By: Alex Passantino
Seyfarth Synopsis: The Department of Labor’s Wage & Hour Division announced its long-awaited proposed rule related to the FLSA’s tip provisions. The rule would implement statutory changes passed in March 2018; it also would elevate certain WHD policy guidance into regulation.
The legislative changes come from the Tip Income Protection Act, which was passed as part of the Consolidated Appropriations Act of 2018. As we have discussed previously, that provision prohibits employers from “keep[ing]” employees’ tips. The proposed rule would allow employers who do not take a tip credit to establish a tip pool to be shared between workers who receive tips and are paid the full minimum wage and employees that do not traditionally receive tips, such as dishwashers and cooks. According to WHD, its proposal would not impact regulations related to employers who *do* take a tip credit: that tip poll may only include traditionally tipped employees.
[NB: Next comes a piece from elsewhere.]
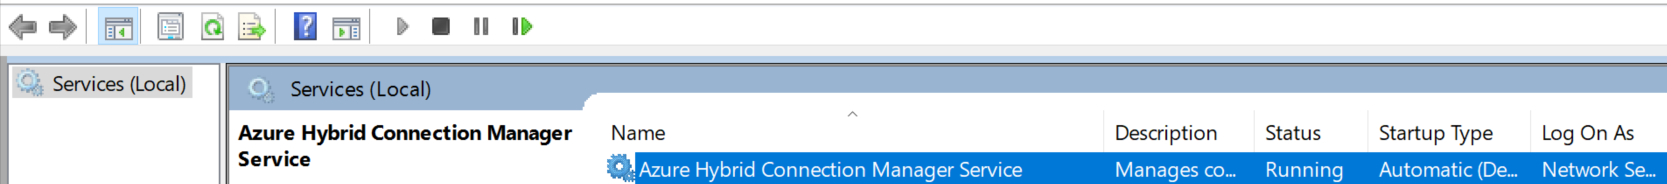 Azure Hybrid Connection Manager Servce

The proposed rule also would codify WHD’s opinion letter that an employer may take a tip credit for any amount of time an employee in a tipped occupation performs related non-tipped duties with tipped duties. For the employer to use the tip credit, the employee must perform non-tipped duties contemporaneous with, or within a reasonable time immediately before or after, performing the tipped duties. The proposed regulation also addresses which non-tipped duties are related to a tip-producing occupation, referring to O*NET (an occupational database created under DOL sponsorship), and stating that tasks listed for an occupation in O*NET will be considered as “related” tasks for the purposes of the tip credit.
WHD also proposes to explicitly prohibit employers, managers, and supervisors from keeping tips received by employees and incorporate new civil money penalties that may be imposed when employers unlawfully keep tips.
The comment period runs through December 9, 2019.